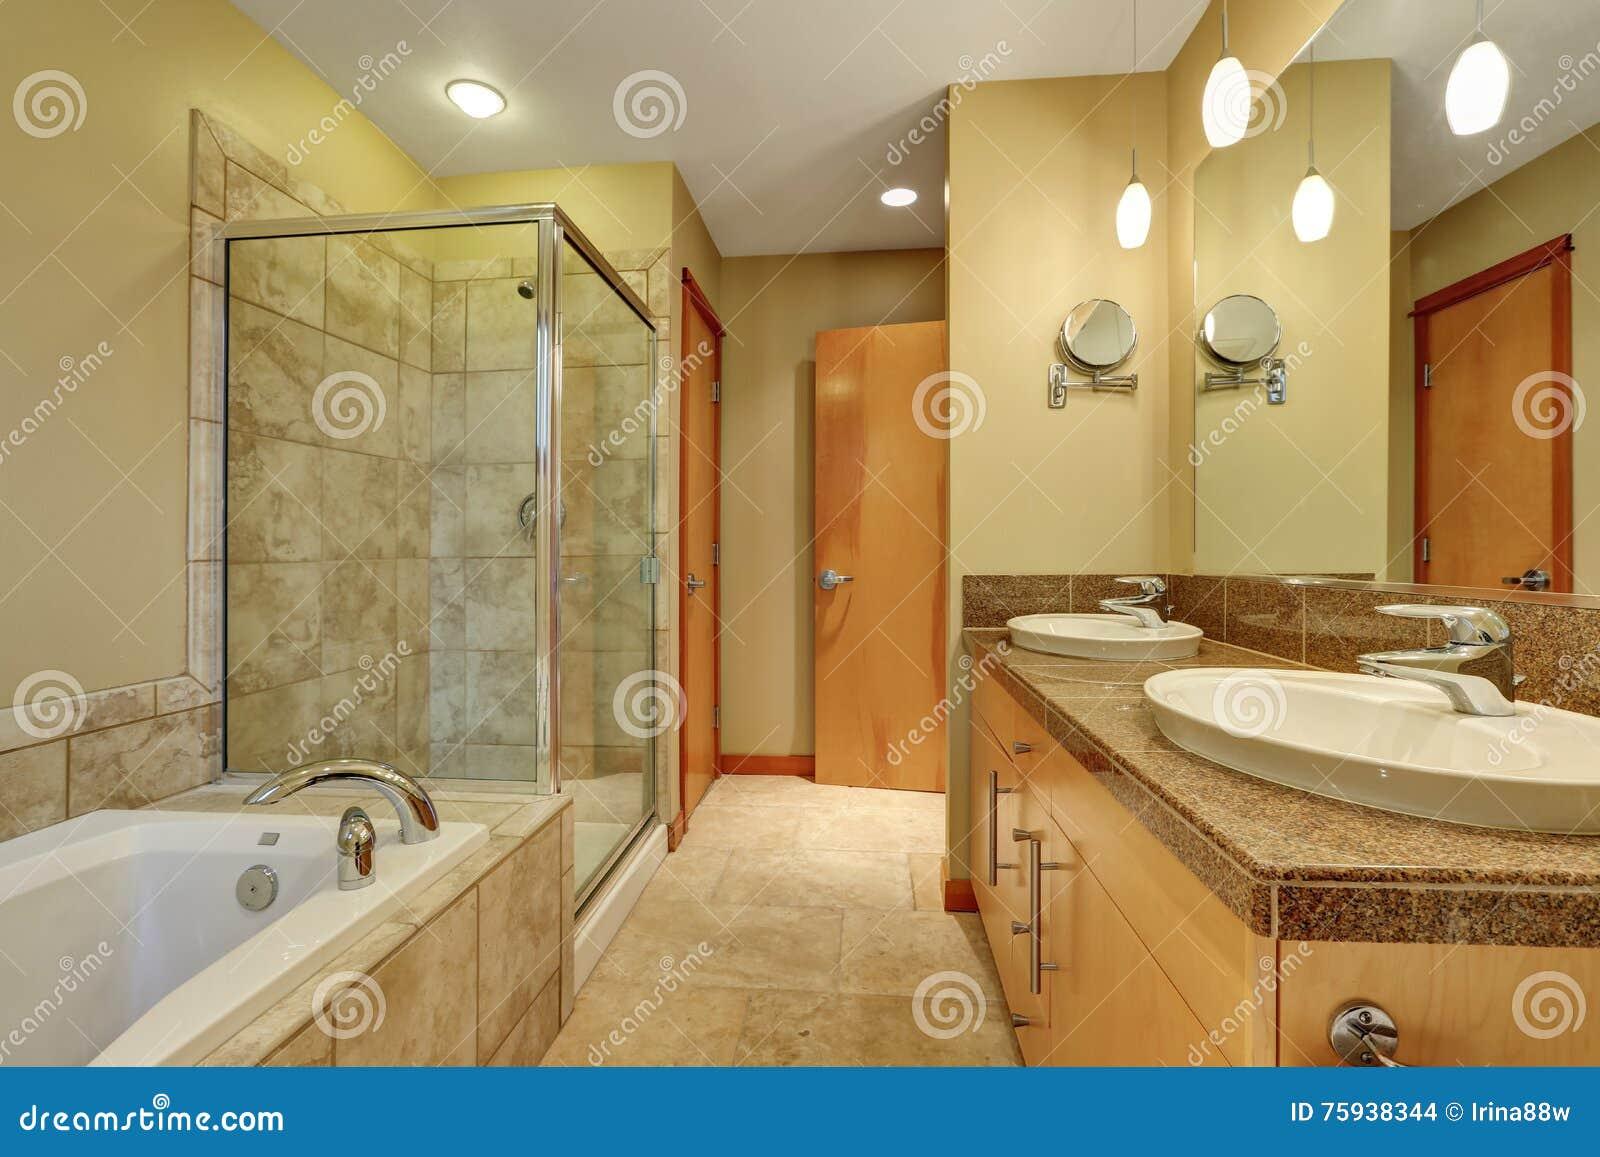 Bathroom Interior In Beige Tones With Vanity Cabinet With Granite ...
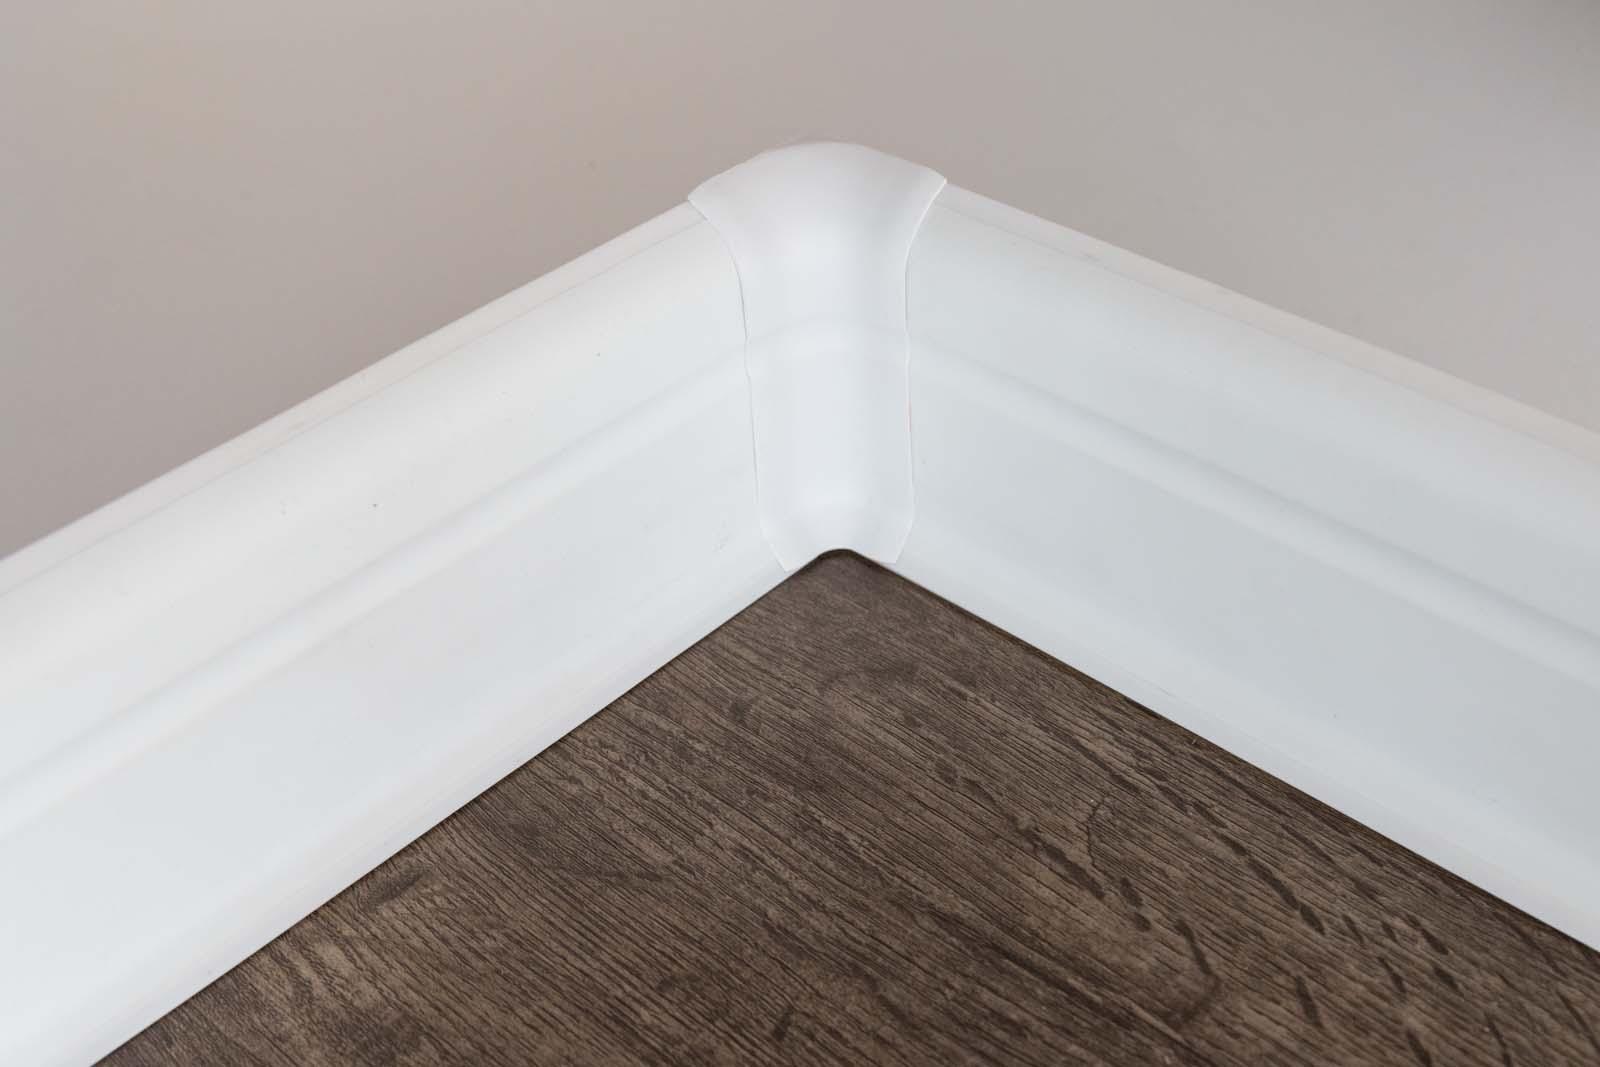 Tarima madera vinilica para interiores sin mantenimiento for Tarima de pvc imitacion madera
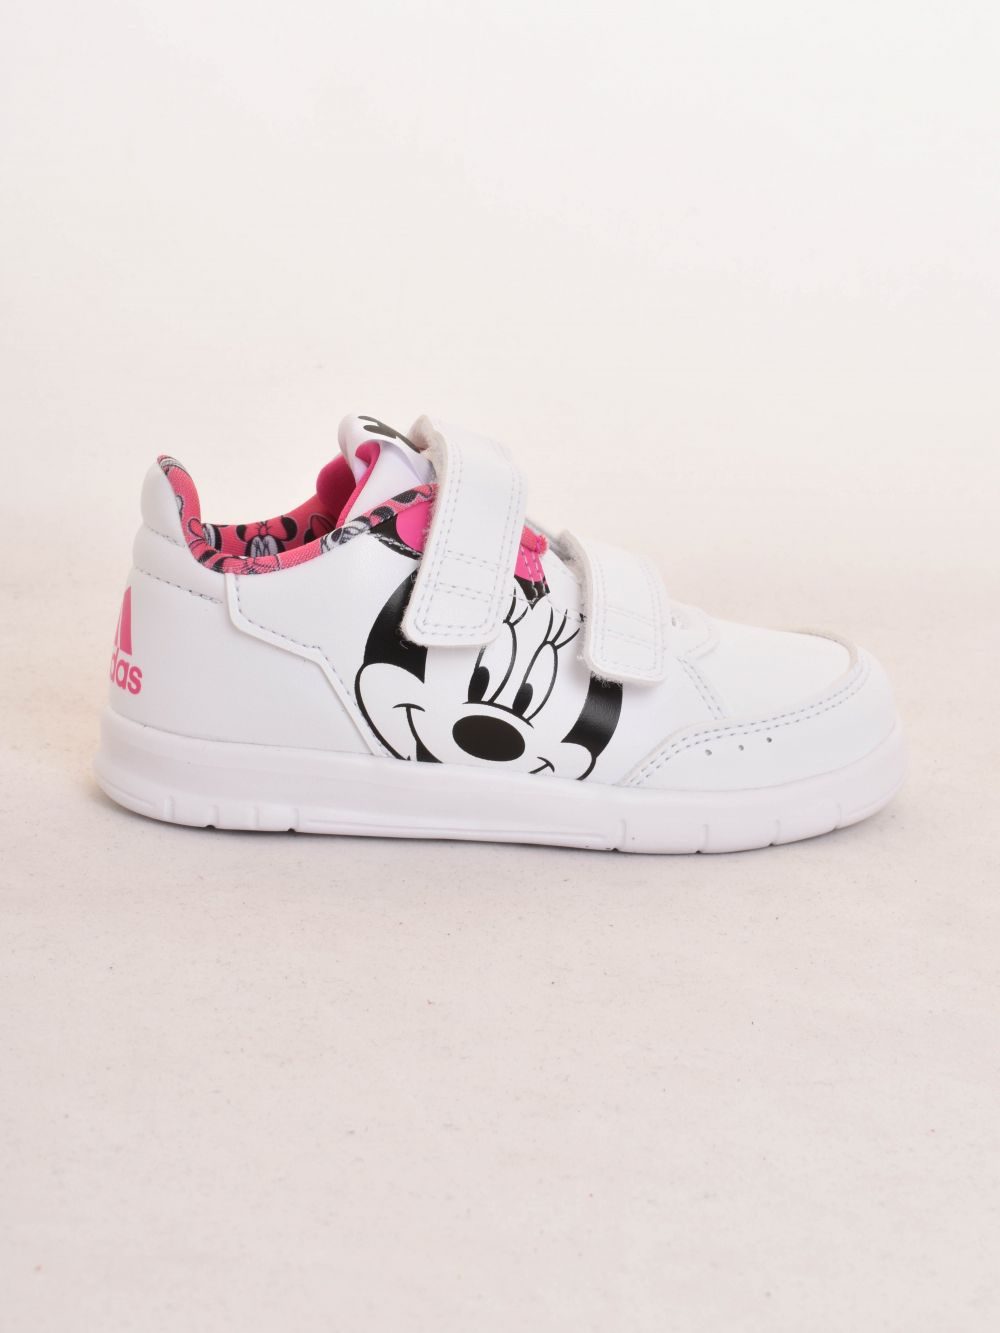 Adidas bébi lány cipő DYM&MALTASPORTCF
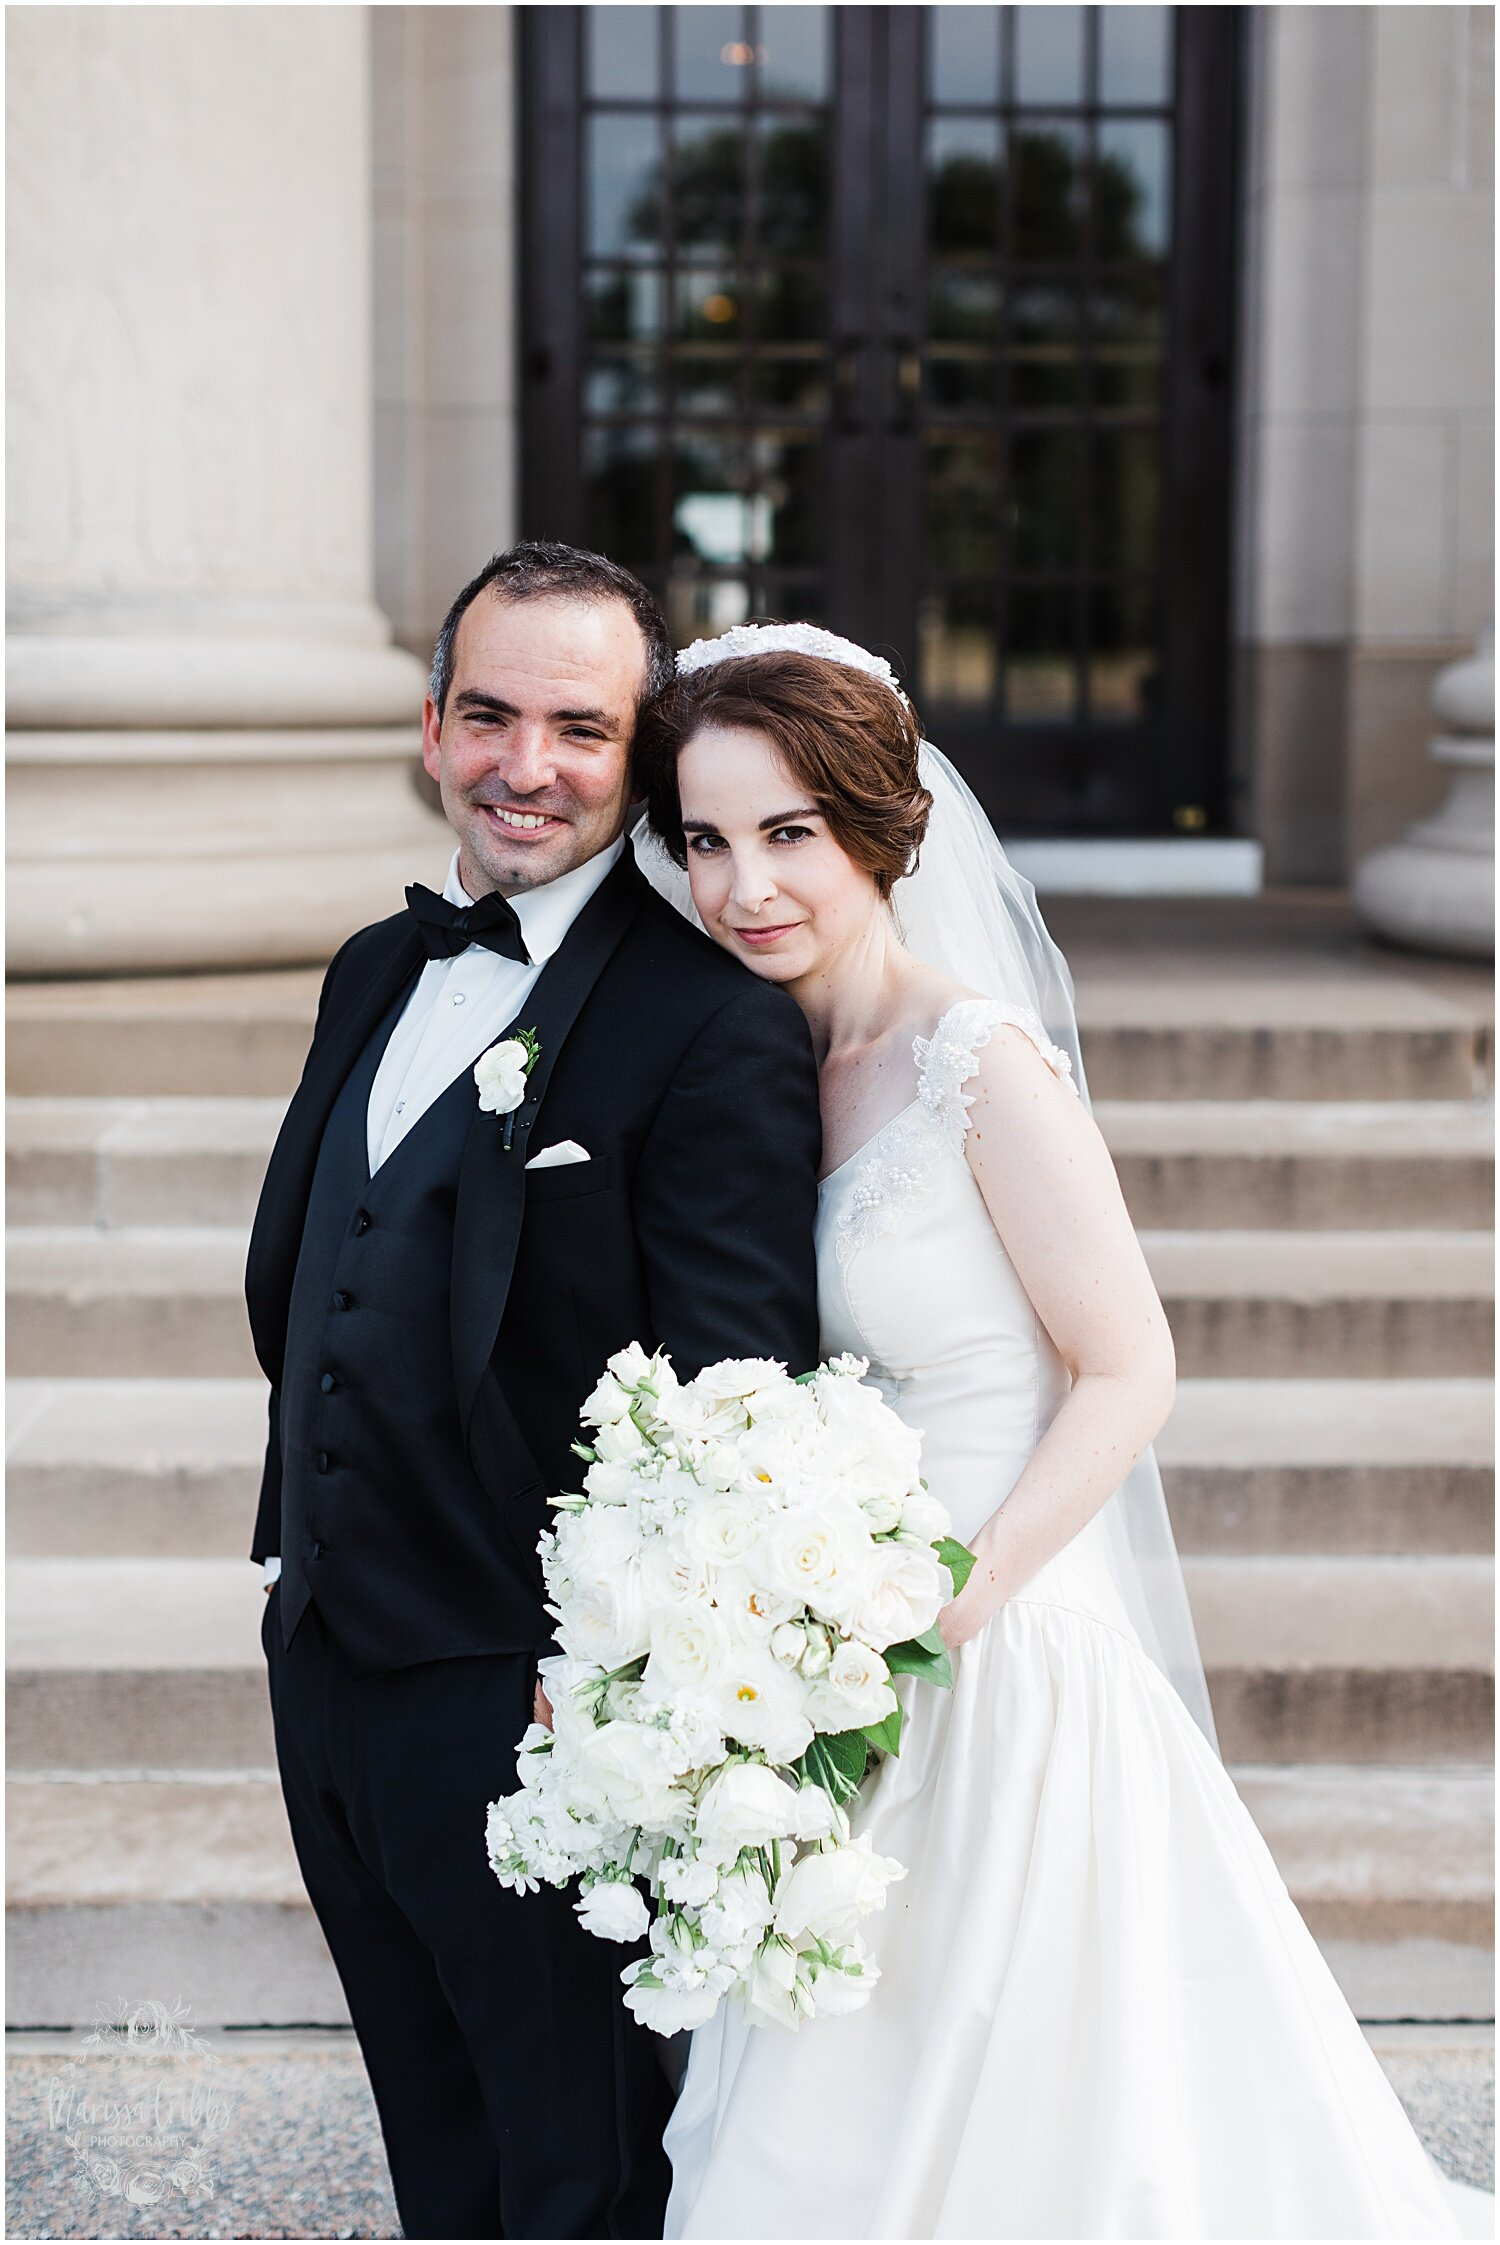 TYLER & CAROLINE MARRIED BLOG | MARISSA CRIBBS PHOTOGRAPHY | THE CARRIAGE CLUB | KANSAS CITY WEDDING PHOTOS_9253.jpg

──────────

- EXERCISE:
Would you print the whole listing exactly, omitting the pictures?

- REPLY TO THE TASK:
 Bathroom Interior In Beige Tones With Vanity Cabinet With Granite ...
 Tarima madera vinilica para interiores sin mantenimiento for Tarima de pvc imitacion madera
 Adidas bébi lány cipő DYM&MALTASPORTCF
 TYLER & CAROLINE MARRIED BLOG | MARISSA CRIBBS PHOTOGRAPHY | THE CARRIAGE CLUB | KANSAS CITY WEDDING PHOTOS_9253.jpg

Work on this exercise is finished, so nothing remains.